Q8. Answer: b stratify=y ensures class proportions are preserved in both the training and test splits. This is important for classification problems, especially with class imbalance. Without it, a random split might accidentally produce a test set with very few positive examples.

Q9. Answer: c A customer predicted to churn who does not = False Positive (FP): we were wrong in predicting the positive class. A customer predicted not to churn who does churn = False Negative (FN): we missed a true positive case. This distinction drives precision and recall calculations.

Q10. Answer: b Recall = TP / (TP + FN). It answers: of all actual positives (customers who actually churned), what fraction did we catch? Precision (a) answers: of all predicted positives, what fraction were correct?

Q11. Answer: b With only 500 examples, holding out 20% (100 examples) for testing leaves only 400 for training — a meaningful sacrifice on a small dataset.

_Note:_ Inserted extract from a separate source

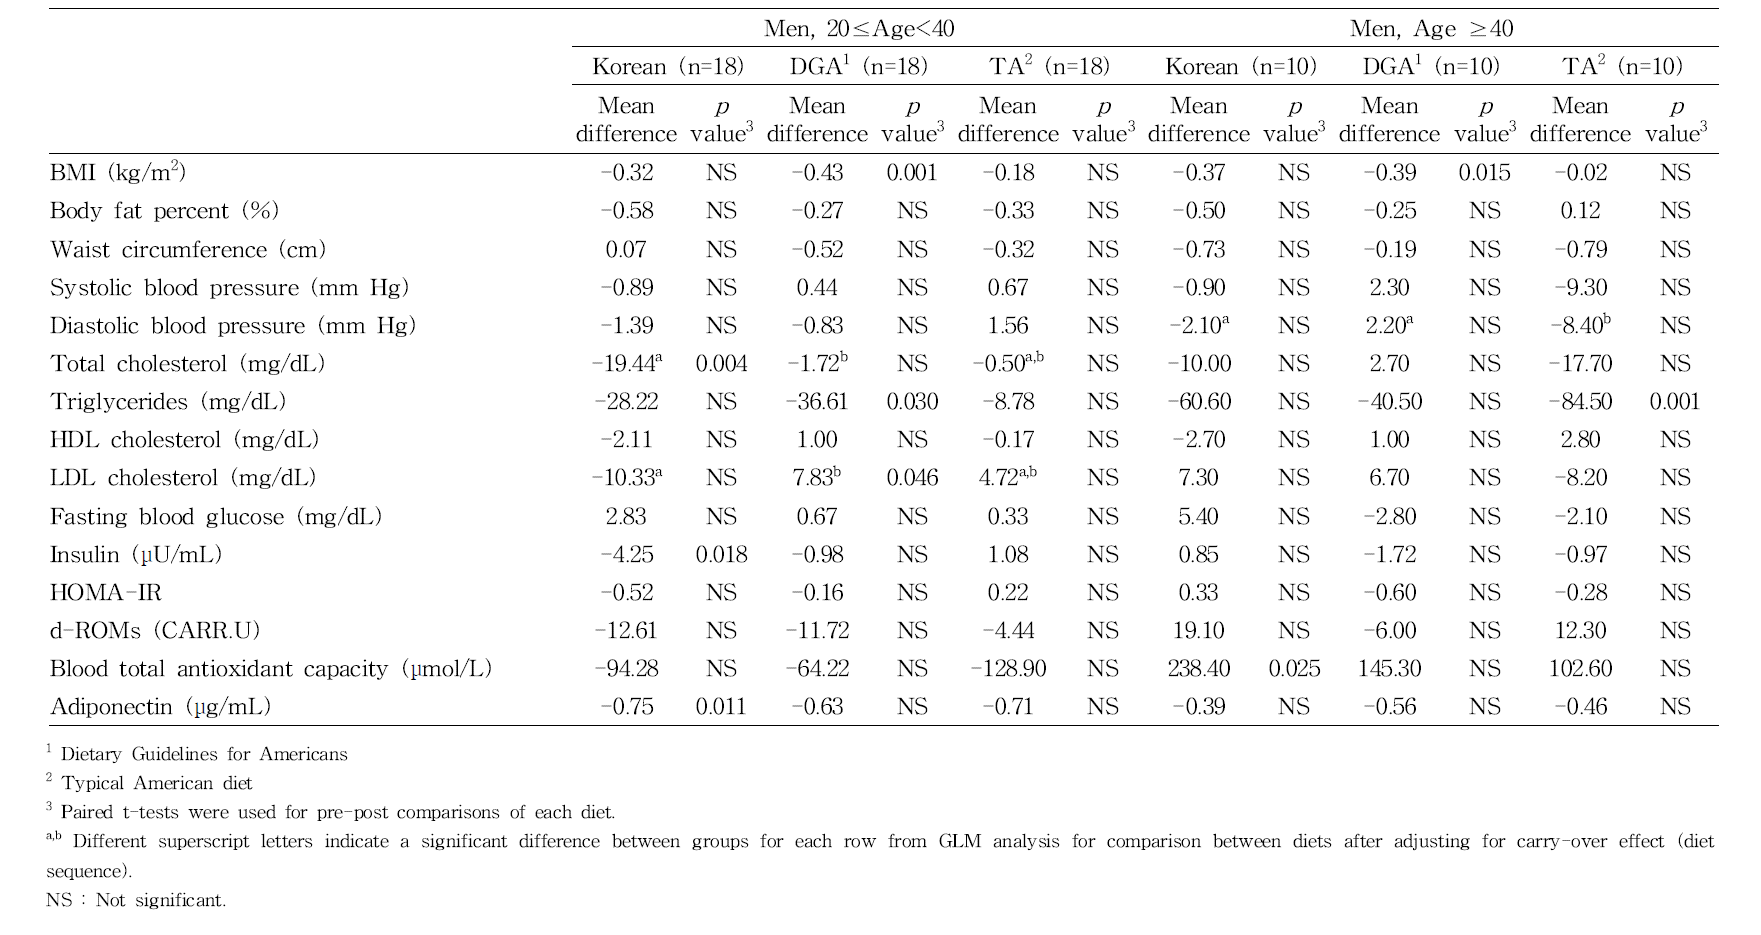 Changes in anthropometric and biochemical parameters by sex and age group according to experimental diet

Cross-validation uses all data for both training and evaluation across different folds, producing more reliable performance estimates on small datasets.

Q12. Answer: b "A business executive read about it in a magazine" is business pressure, not a technical justification. ML should be adopted because it solves a specific problem better than alternatives (a, c, d), not because of trend-following.

Q13. Answer: b The Pipeline's primary value is ensuring that preprocessing steps like scaling or imputation are fit only on training data and then applied (not refit) on test data. This prevents data leakage. It does not parallelize training (a), auto-select algorithms (c), or store to databases (d).

Q14. Answer: b Parameters (like linear regression coefficients) are learned by the training algorithm from the data. Hyperparameters (like regularization strength, tree depth, number of trees) are set by the practitioner before training begins and control how the learning happens.

Q15. Answer: b R² represents the proportion of variance in the target variable explained by the model. R² = 0.82 means the model captures 82% of the variation in sales; the remaining 18% is unexplained. It does not mean 82% of predictions are correct (a) or that error is 18% (c).

Q16. Answer: b In k-fold cross-validation with k=5, the model is trained 5 times — once for each fold serving as the test set while the other 4 folds form the training set. This produces 5 performance estimates that are then averaged.

Q17. Answer: c When interpretability is a business or regulatory requirement, model selection must account for it. A complex ensemble that cannot explain individual predictions may be technically superior but operationally unsuitable. This is a fundamental trade-off in applied ML.

Q18. Answer: b The base rate baseline defines the floor of acceptable performance. If your model does not meaningfully outperform the strategy of always predicting the majority class, it has not learned anything useful from the data.

Q19. Answer: c A model trained on data where the most predictive features are available only 28% of the time will produce unreliable scores. The appropriate response is to fix the data collection process first. More sophisticated algorithms (b, d) do not fix a fundamental data availability problem.

Q20. Answer: c Reinforcement learning is defined by an agent-environment interaction loop with reward signals. It does not require labeled datasets (b), is not the most common business ML paradigm (a), and is distinct from supervised sequential modeling (d).